Definidos os titulares de algumas funções

No dia do terceiro ensaio, saiu a lista daqueles que irão ocupar funções "especiais" no dia de S. João e que é a seguinte:

- Colher direitos - Lindoro Cavadas

- Semear - Joaquim Miranda
- Gradar - Domingos Cuco
- Lavrar - Fernando Cardoso

- Sapateiro - Joaquim do Juca
- Cego - Carlos Andrade
- Mulher do Sapateiro - António Poeira
- Moço do Sapateiro - Joaquim Brito
- Moço do Cego - Luís Loira.

Ao mesmo tempo, estamos em condições de divulgar a lista dos músicos que compõem a "orquestra" que aceitou acompanhar graciosamente as danças dos Bugios (assim demonstrando que continua a não faltar nesta Festa gente que gosta dela):

- Alberto Ferreira - Violino
- Diana Costa - Violino
- Elsa Carneiro - Violino
- Lindoro Pinto - Violino
- Lúcio Tibeiro - Violino
- Alfredo Ferreira - Viola
- António Silva - Viola
- Armando Dias - Viola
- Eduardo Monteiro - Viola
- João Paulo - Viola.

sexta-feira, junho 17, 2005

Festa da Bugiada na Wikipedia

A Wikipedia é um dos grandes fenómenos da era da Internet: é um projecto de enciclopédia em várias línguas, permanentemente em actualização, que pode ser construído por qualquer pessoa que tenha algo de novo para acrescentar ou mesmo para corrigir informações que já lá estejam inseridas. Tendo verificado que havia lá duas ou três linhas sobre Sobrado, mas não havia nada sobre a Festa de S. João, que é o ex-libris desta vila e, de algum modo, do concelho, coloquei lá uma entrada breve, por enquanto apenas na versão portuguesa. Pode ser lida clicando aqui.
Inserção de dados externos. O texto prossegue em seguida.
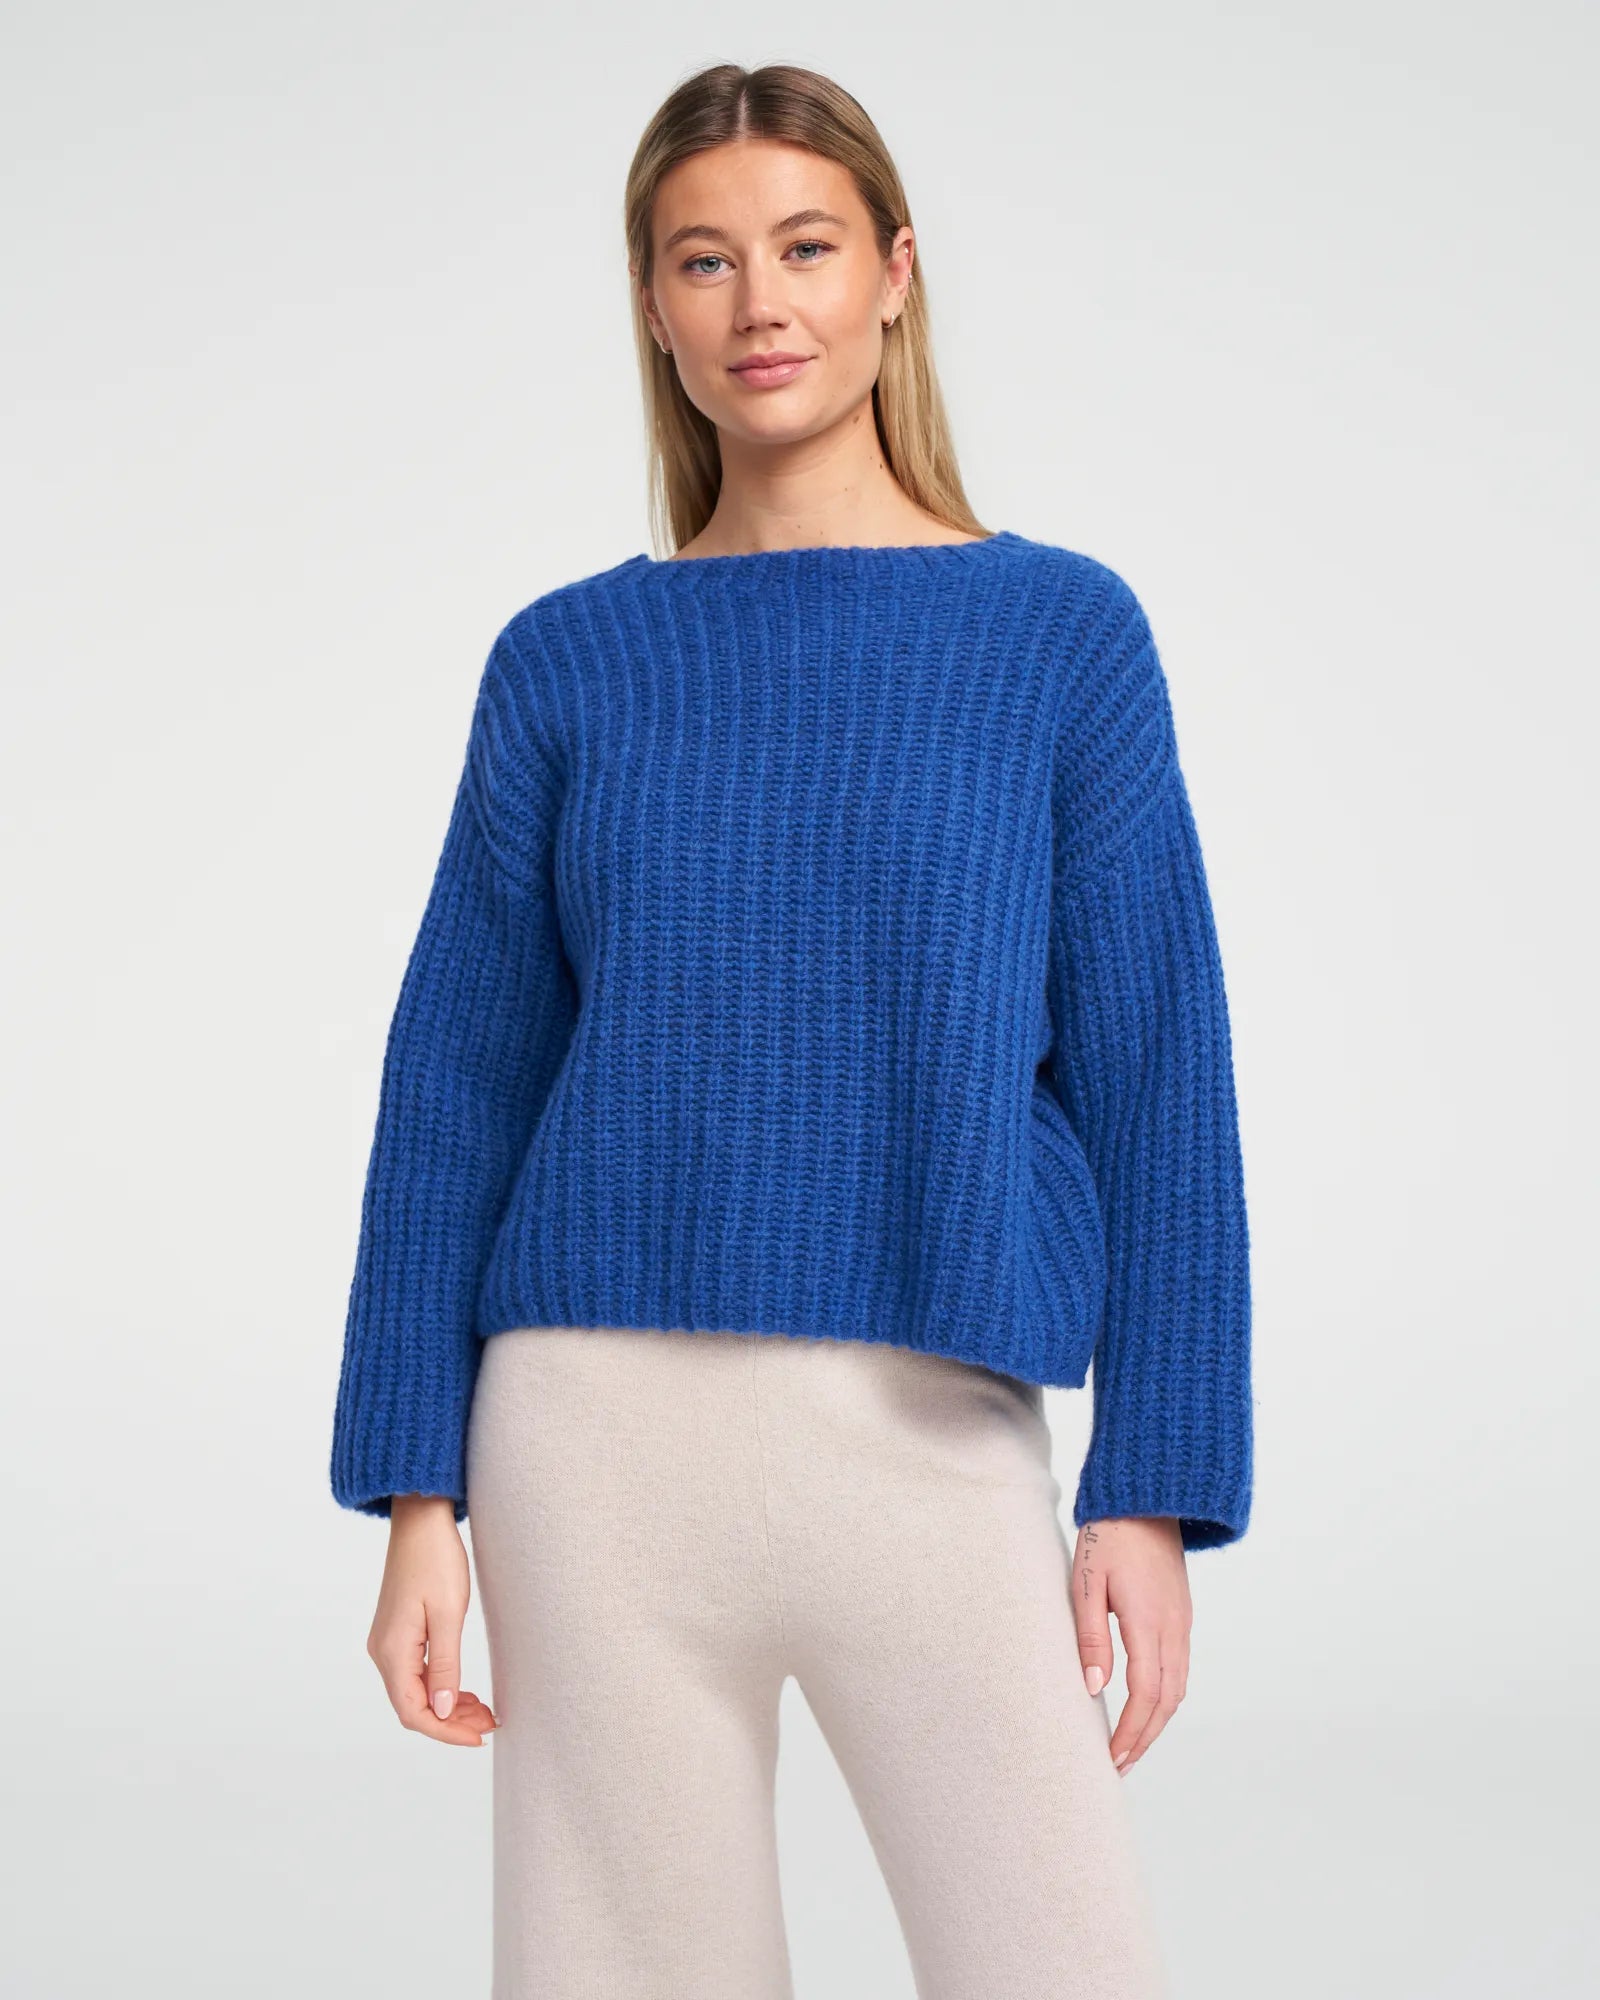 Cajsa Super Soft Knitted Sweater - Cobalt Blue

quarta-feira, junho 15, 2005

"No dia do Baptista S. João
Fazem eles ali grande função"

Mais um documento com referências à festa de S.João de Sobrado, que tem mais de cem anos de existência. É o fragmento de uma faquelas folhas volantes que antigamente se vendiam pelas feiras e romarias, da autoria de José Alves dos Reis:

“Música Gorada

Na aldeia pitoresca de Sobrado
Terra aonde se cria o melhor gado
E já deu bastantes brasileiros
Tem hoje denodados Mourisqueiros.
No dia do Baptista S. João
Fazem eles ali grande função
Correm todos em vários desafios
Os Mourisqueiros e garbos Bugios
Os doidos imitando no correr
(e não faltam irmãos para ir ver)
A saltar e pullar por entre a praça
E os doidos socegados achando-lhes graça

(...)”
Versos de José Alves dos Reis, folheto volante de 10 pp,, 1896

domingo, junho 05, 2005

Reportagem fotográfica do 2º ensaio

O
O "Caixa" - É ele que abre o ensaio dos Mourisqueiros

Dança dos Mourisqueiros
Dança dos Mourisqueiros - Ao som do Caixa, o Reimoeiro dança com os Guias

Mouriscada
Mouriscada - A formação mourisca ensaia a sua dança. Ao lado, um popular também dá um jeitinho...

A Orquestra
A Orquestra - A "Orquestra" acompanha o ensaio dos Bugios

O Velho
O Velho - No dia 24, irá de cara tapada. Afinal, o Velho é ... novo!

Bugios
Bugios - A maior parte não vem ao ensaio. Mesmo assim, eram cerca de 80 a treinar para Bugio.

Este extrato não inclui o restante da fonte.